My Lords, the noble Lord is right that we have commissioned research to assess publicly available evidence on food aid provision in the UK, including food banks. This work will be made available in due course. All government-funded research reports are required to go through an appropriate review and quality assurance process before publication. The report will be published once this is complete.
To ask Her Majesty’s Government what representations they have made to the government of Tanzania regarding allegations of human rights violations at the North Mara Mine.
My Lords, I beg leave to ask the Question standing in my name on the Order Paper. In doing so, I declare an interest as the joint leader of the Wakefield-Tanzania Diocesan Link.
My Lords, the UK’s high commissioner to Tanzania visited the North Mara mine in March 2013 to raise concerns directly about the alleged human rights violations with African Barrick Gold, the mine owner, and also discussed a range of issues with the local authorities. We are, of course, working closely with the Tanzanian Government on improving respect for human rights and also encouraging them to sign up to the voluntary principles on security and human rights in the extractive sector.
My Lords, I thank the Minister for that response. Would he not agree, however, that the human rights abuse at the North Mara mine, which I have experienced directly and recently, ought to be solved by a proper community relations effort in the region, and would be best resolved by a conciliar process, taking into account community leaders, Barrick Gold and the local police force? What further steps might the Foreign and Commonwealth Office take, please, to move that forward?

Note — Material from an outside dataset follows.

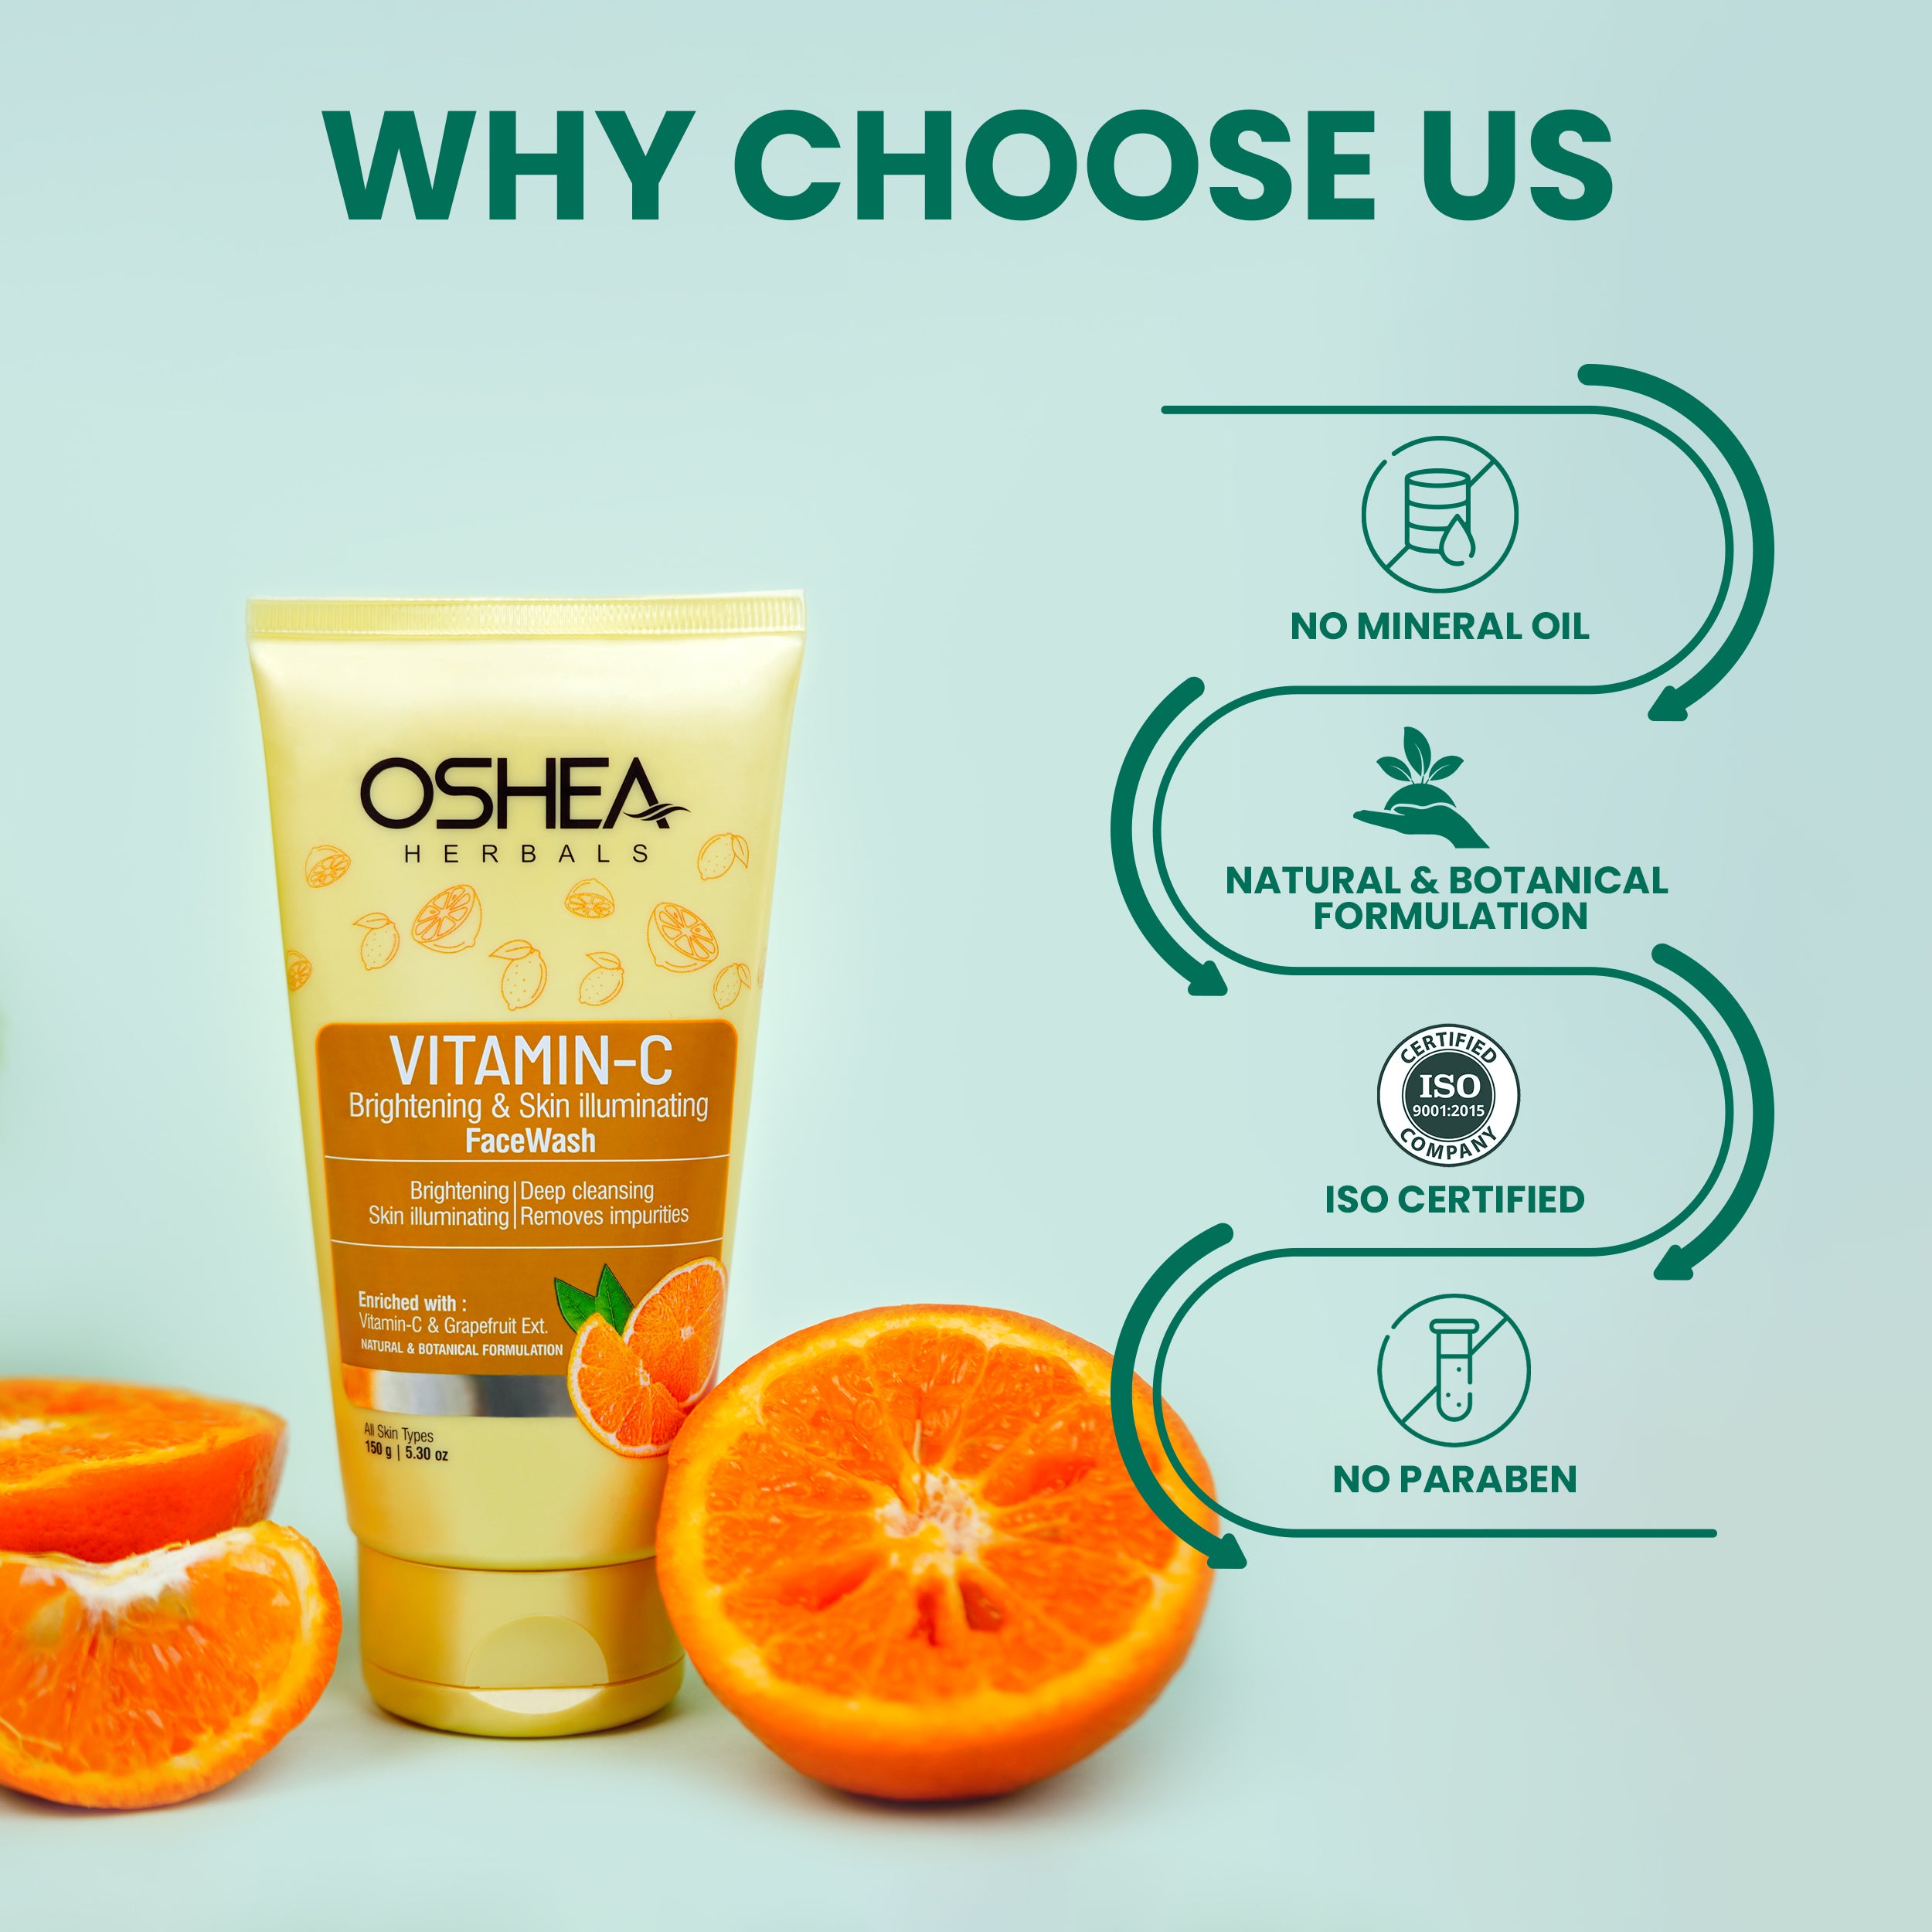 Why choose us Vitamin C Brightening_SkinIlluminating Face wash Oshea Herbals

I agree with the right reverend Prelate, and ABG—Barrick Gold—has taken various initiatives. Indeed, our high commissioner, on visiting the area, found that up to $12 million-worth has been spent on corporate social responsibility, including healthcare centres, schools and water boreholes. There is more to be done. For example, she pointed out that although there is a healthcare centre, it is not properly manned with healthcare professionals. We have taken this up with the local authorities, working with our EU partners on the ground.
My Lords, is the Minister aware that African Barrick Gold, which is a British company, has continued to rely on the Tanzanian police to provide security at the North Mara goldmine, despite the shocking number of gunshot deaths and injuries to local people? Will the Government put pressure on African Barrick Gold and insist that it respect the human rights of desperately poor and vulnerable people?
My Lords, it is my understanding that Barrick Gold is actually a Canadian company, although it is listed on the London Stock Exchange. As for the other matter that the noble Baroness raises, I agree with her: of course it is important for all companies, including Barrick Gold, to work with the local people on the ground to ensure that any human rights violations are addressed. Secondly, I notice that the main purpose of people being there with Barrick Gold is employment, to ensure that local people get the opportunity to gain full employment.
My Lords, there is a lawsuit by the local residents against the company alleging that it is responsible for injuries to local villagers. While we await the outcome in the court, would it be appropriate to ask the Tanzanian Government about the role of the police in the death of at least six villagers? Should we not encourage them to investigate this matter, as a human rights violation in those mining communities? I declare an interest, as one born in Tanzania.
My noble friend, of course, knows the country much better than I, and I take on board his valid points. My understanding is indeed that the police authorities and the local authorities are looking at the incident and investigating it. I assure my noble friend that my honourable friend Mark Simmonds, the Minister for Africa, has raised the issue on three separate occasions this year when meeting officials from the Government.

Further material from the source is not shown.